━━━ SUPPLIED MATERIAL

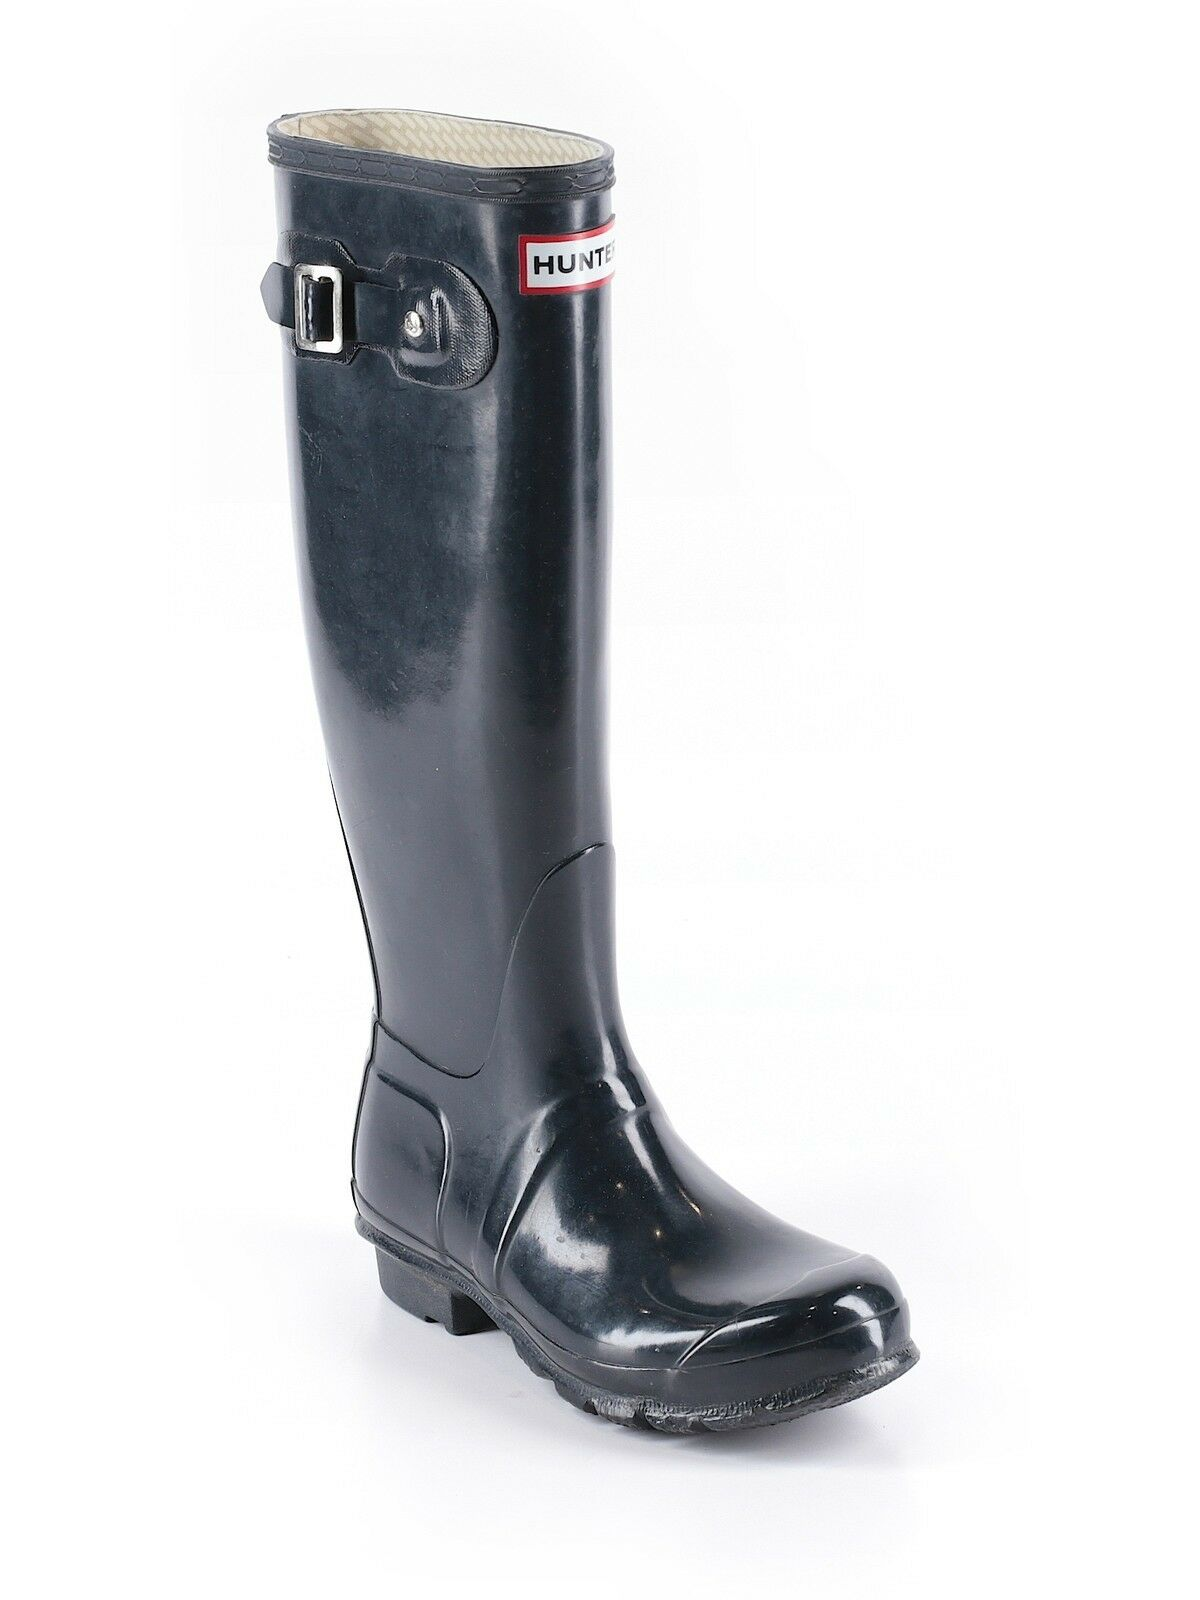 Damens Navy Blau Rain Original Gloss Tall Hunter Rain Blau Stiefel Wellies Größe 5 36 fb1589
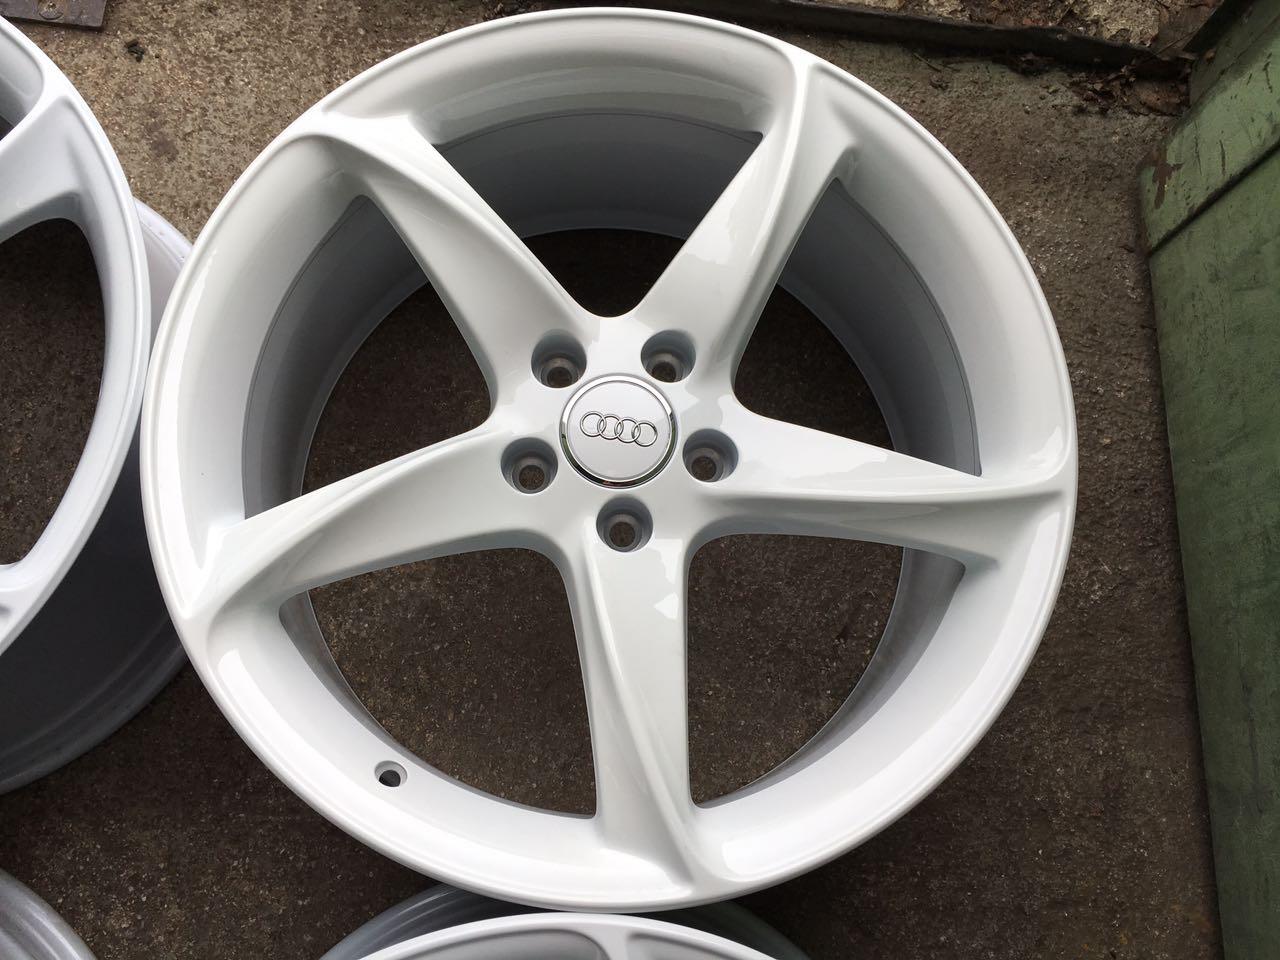 Unieke Witte Originele 19 Inch Audi A3tt Velgen Evt Banden
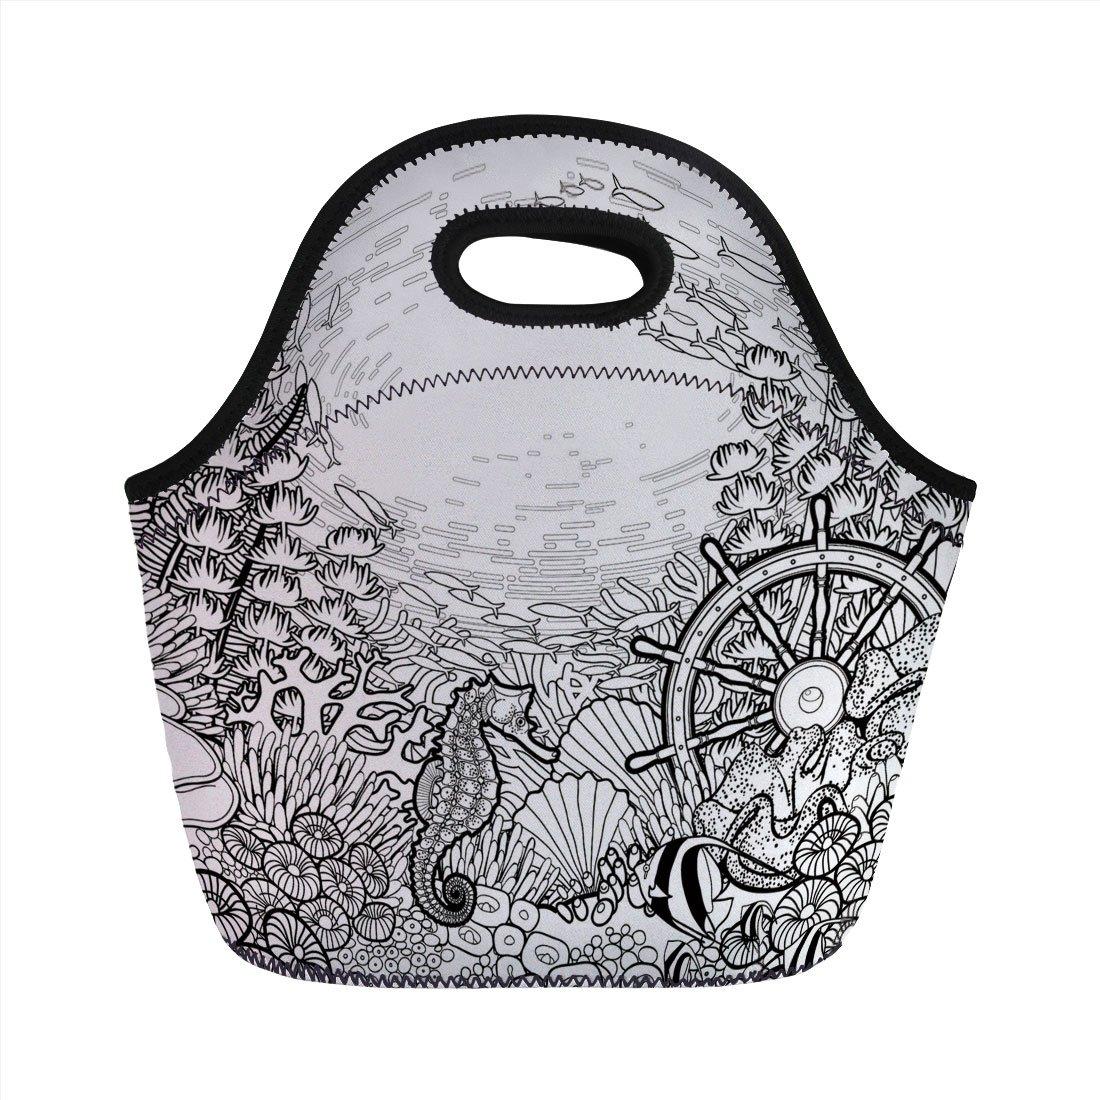 1100x1100 Neoprene Lunch Bag, Aquarium, Graphic Coral Reef
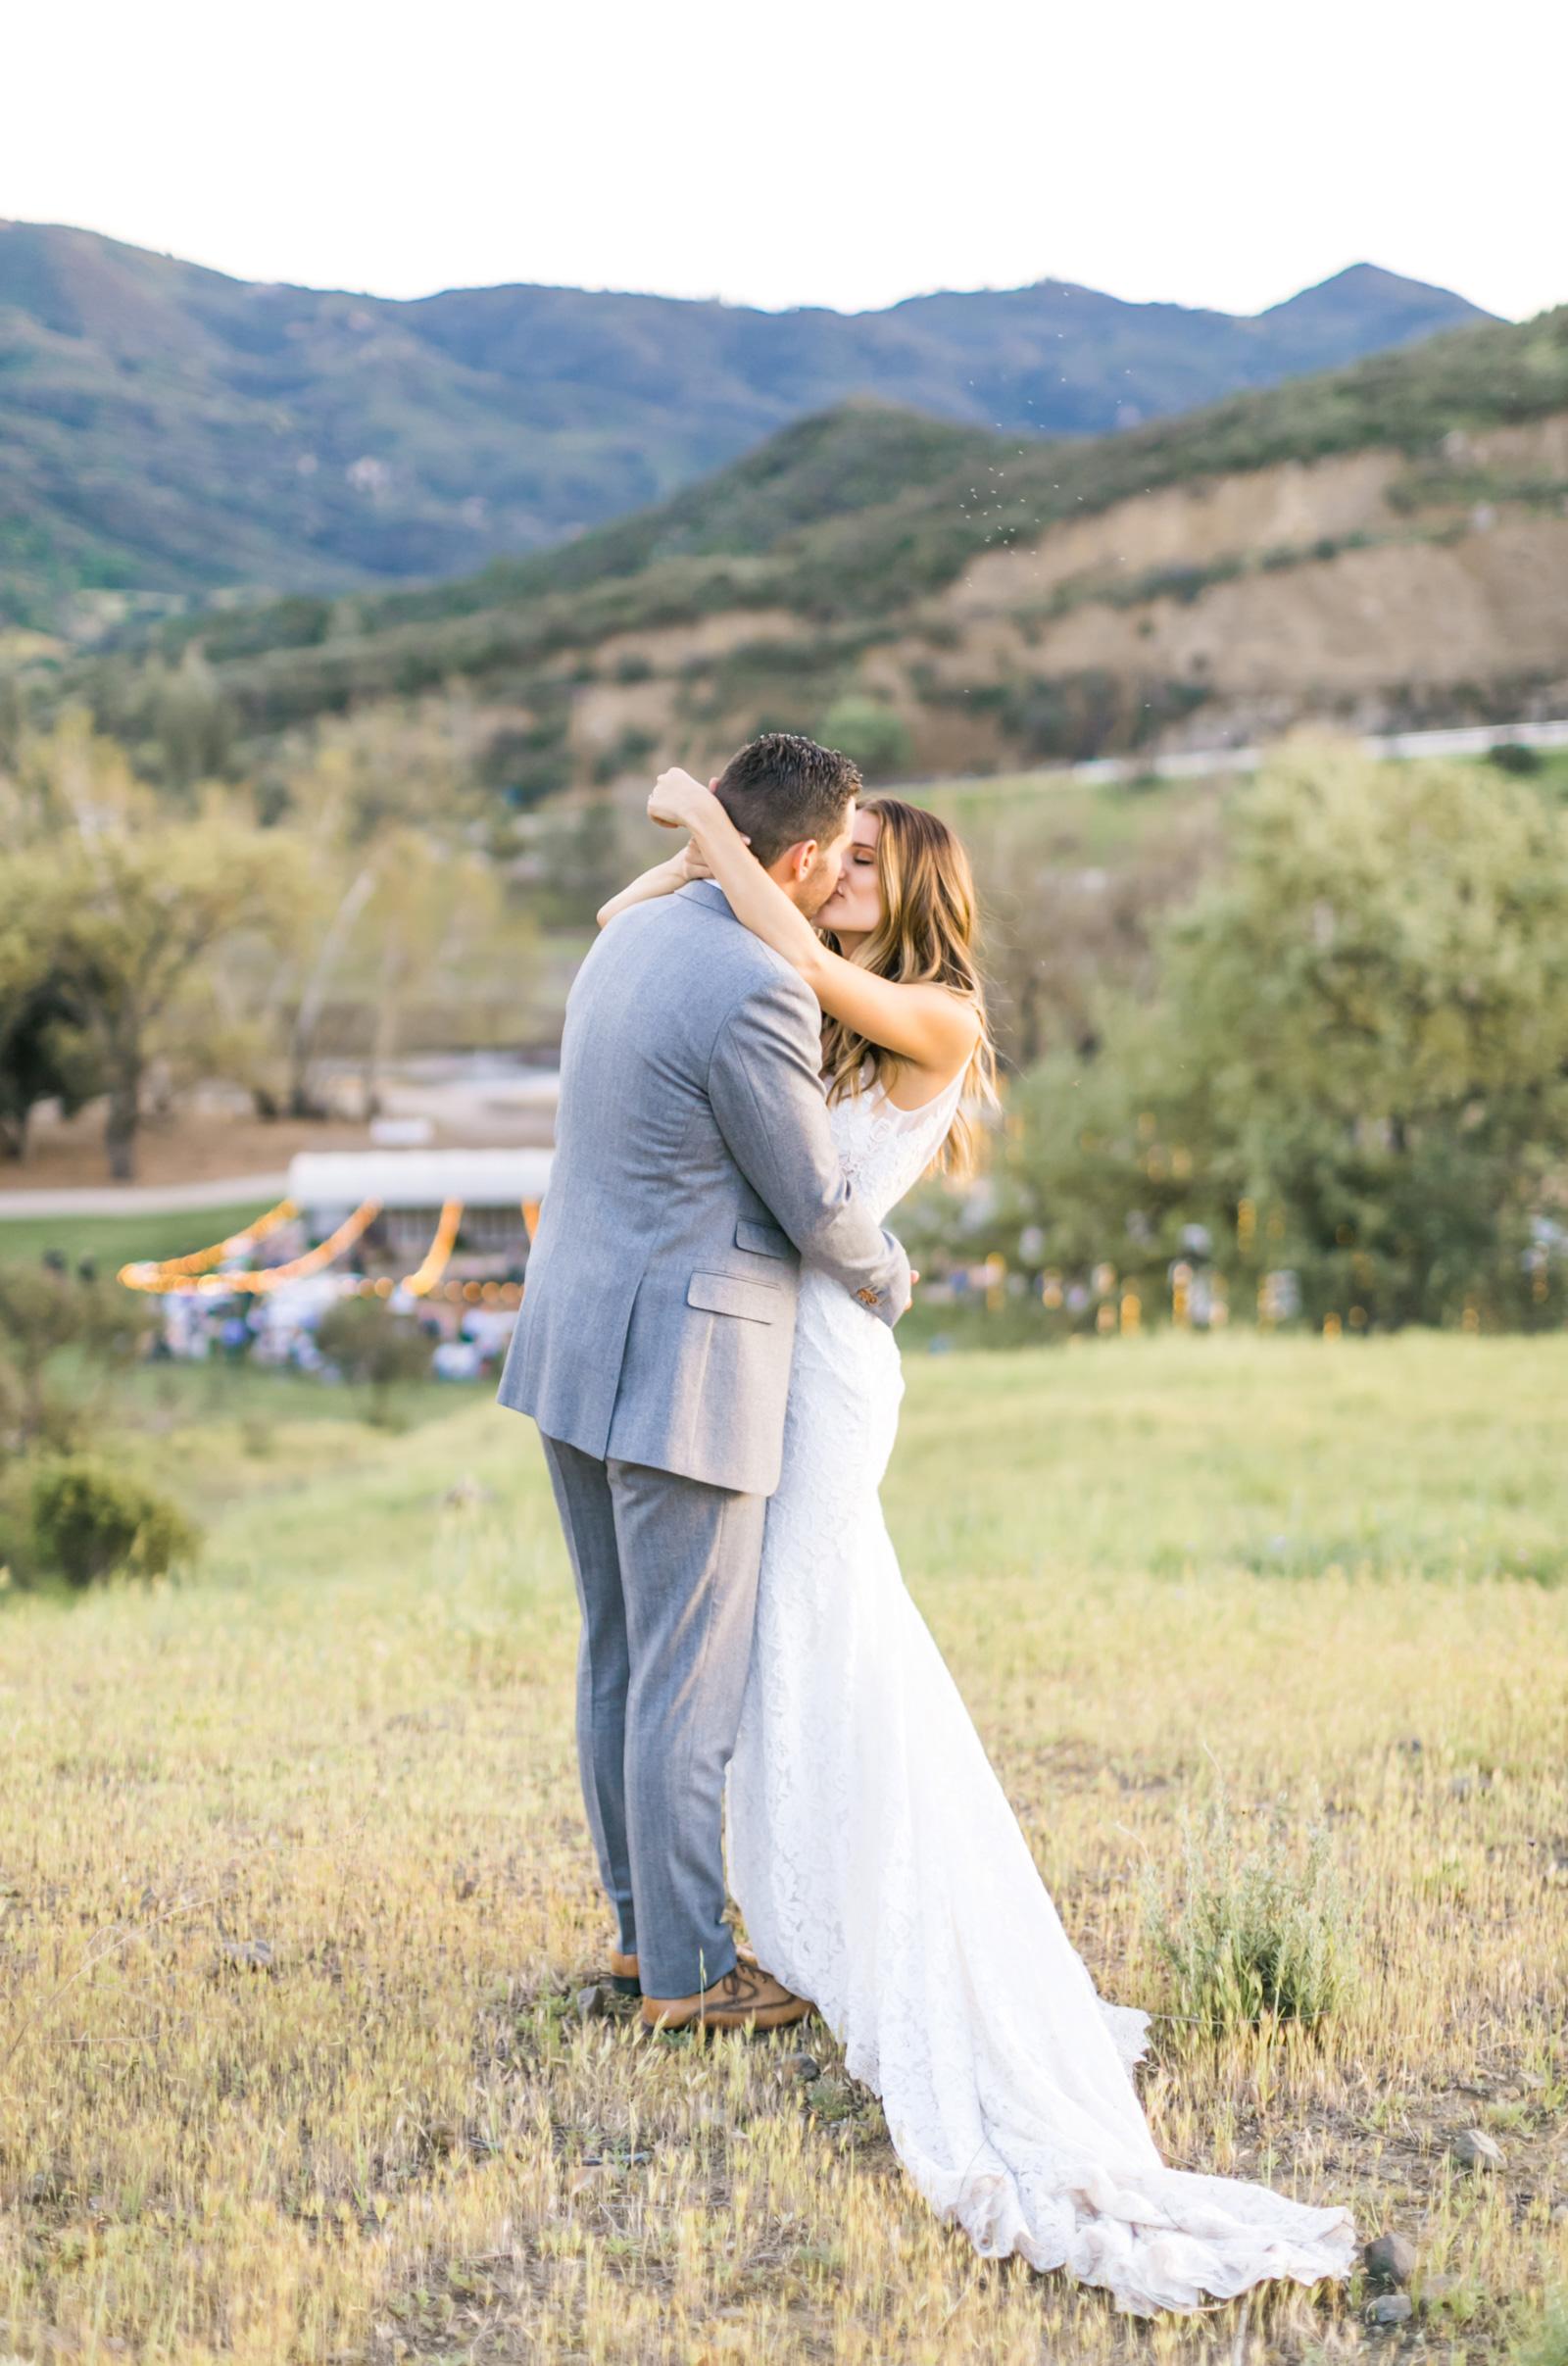 Triunfo-Creek-Malibu-Wedding-Photographer-Natalie-Schutt-Photography_09.jpg

━━━━━━

Any picture in the material is to be dropped; the rest is repeated exactly.

 Damens Navy Blau Rain Original Gloss Tall Hunter Rain Blau Stiefel Wellies Größe 5 36 fb1589
 Unieke Witte Originele 19 Inch Audi A3tt Velgen Evt Banden
 1100x1100 Neoprene Lunch Bag, Aquarium, Graphic Coral Reef
 Triunfo-Creek-Malibu-Wedding-Photographer-Natalie-Schutt-Photography_09.jpg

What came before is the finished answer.